In the second quarter of FY '20, we have reported revenue at INR 1072.3 crore which reflects a sequential growth of 0.6 percentage and Y-o-Y growth of 13.3 percentage in rupee terms. This is our 10th successive quarter of positive sequential growth in INR terms. In U.S. dollar terms, the reported revenue is $152.3 million, reflecting a decline by 0.7 percentage sequentially and an increase of 12.8 percentage annually. In constant currency terms, for the quarter, company grew by 0.3 percentage sequentially and 14.1 percentage Y-o-Y.

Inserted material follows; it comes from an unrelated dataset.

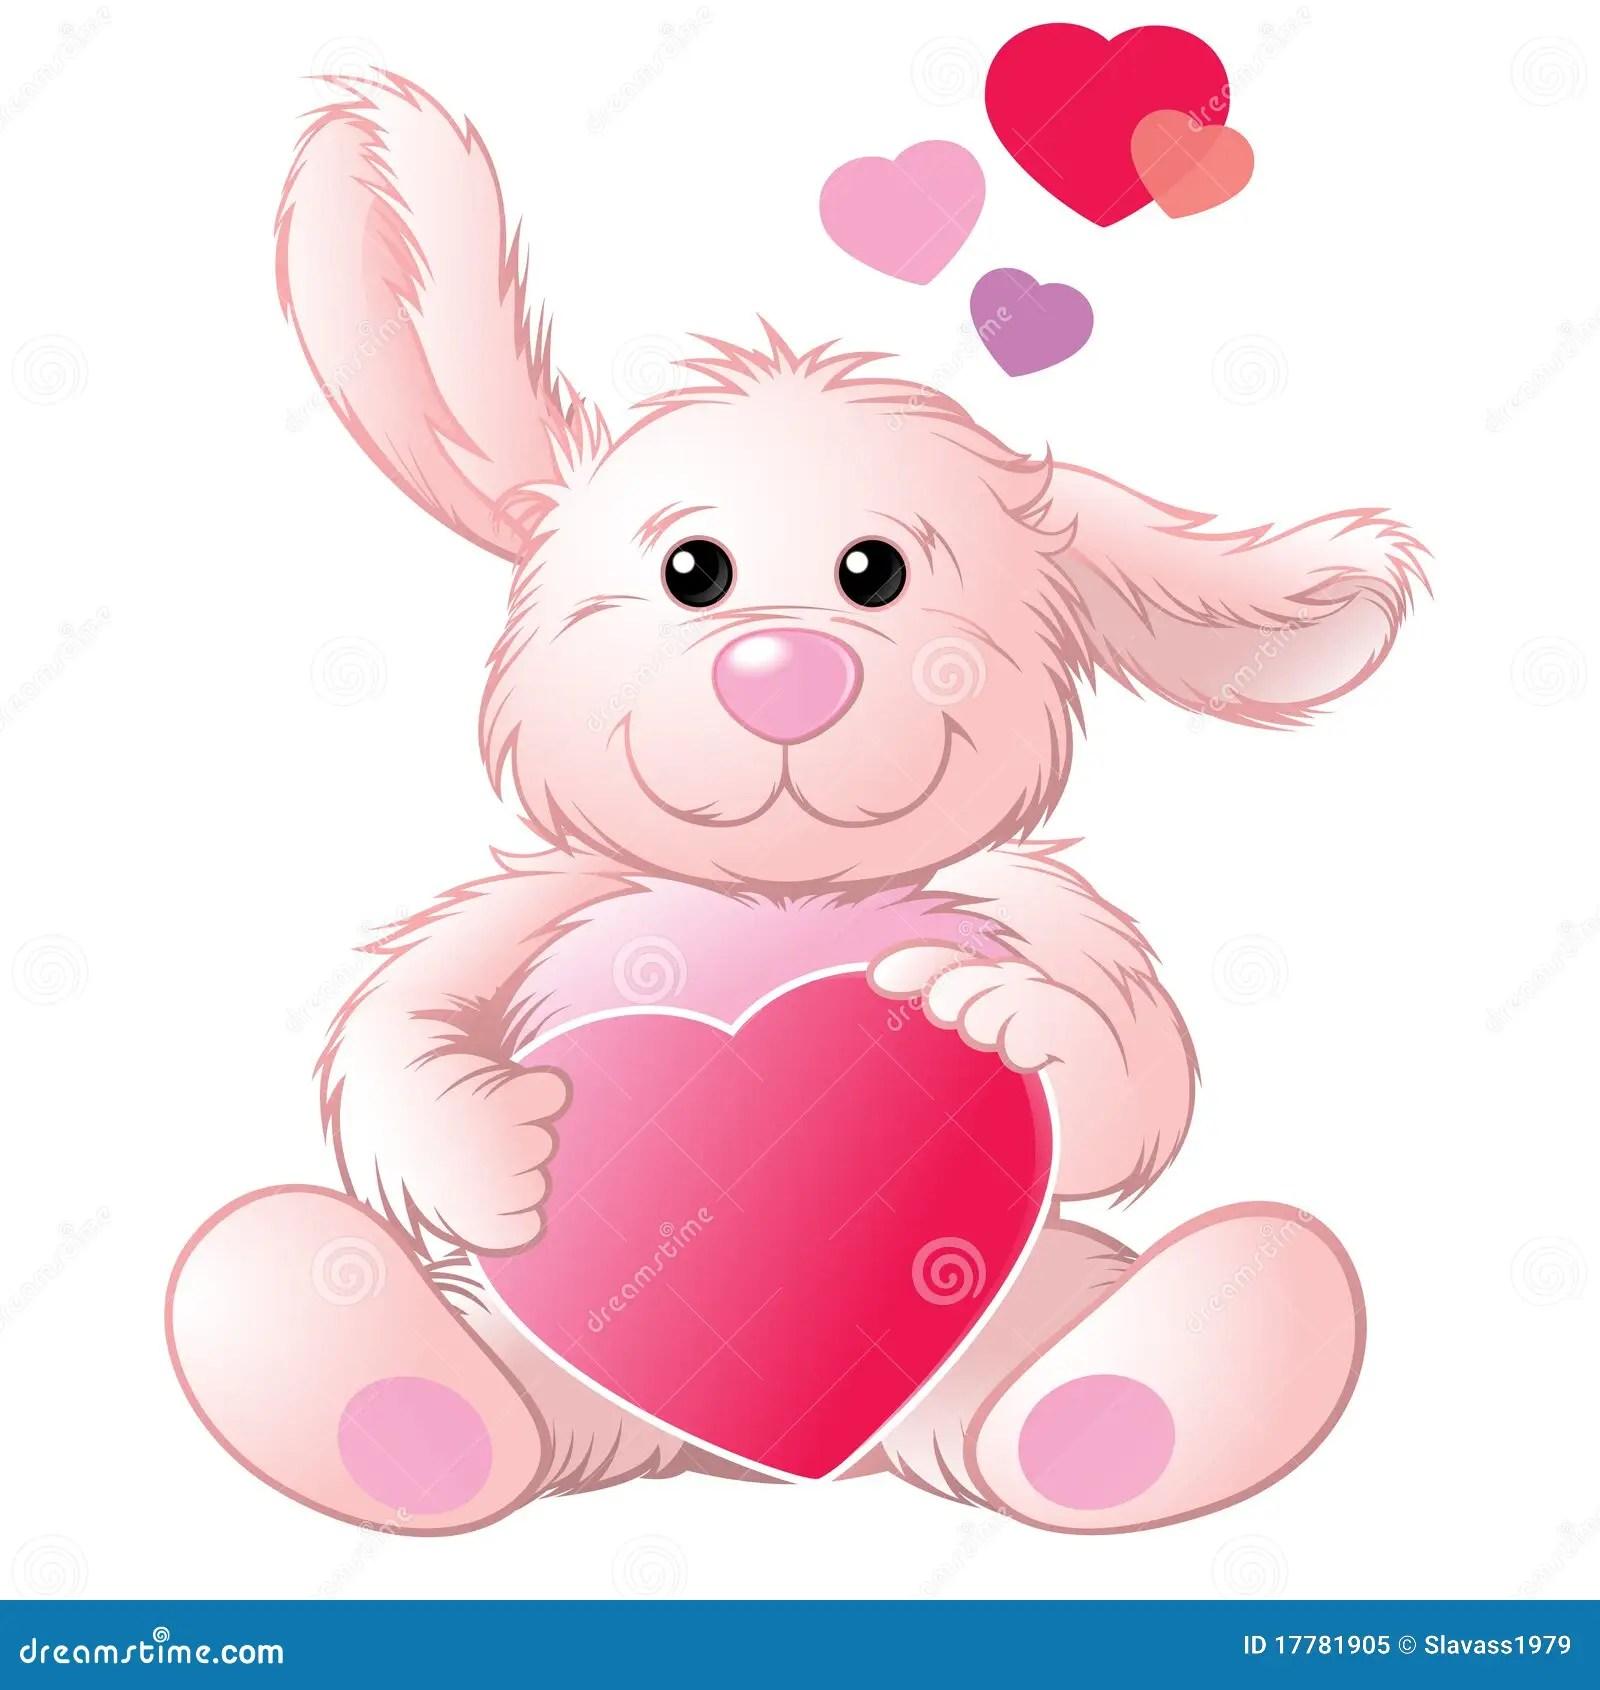 Cute Baby Rabbit Wallpapers Lapin Avec Un Coeur Illustration De Vecteur Illustration

For H1, our operating cash flow stands at $27.5 million, which is a year-on-year growth of 164 percentage. Operating cash flow stood at 119.2 percentage of PAT for H1 of this year as against 40.9 percentage of PAT in corresponding H1 of the previous financial year. The U.S. dollar realization during the quarter has been INR 70.4 per dollar against INR 69.5 in the previous quarter. The year before in the same quarter, it was INR 70.1.

Our gross margin for the quarter was 29.1 percentage as against 29.4 percentage of previous quarter. The effective tax rate for the quarter is at 28.5 percentage as against 28.4 percentage in the previous quarter. For the current quarter, billed DSO stood at 57 days against 68 days in the previous quarter, while DSO, including unbilled, stood at 102 days against 104 days in the previous quarter.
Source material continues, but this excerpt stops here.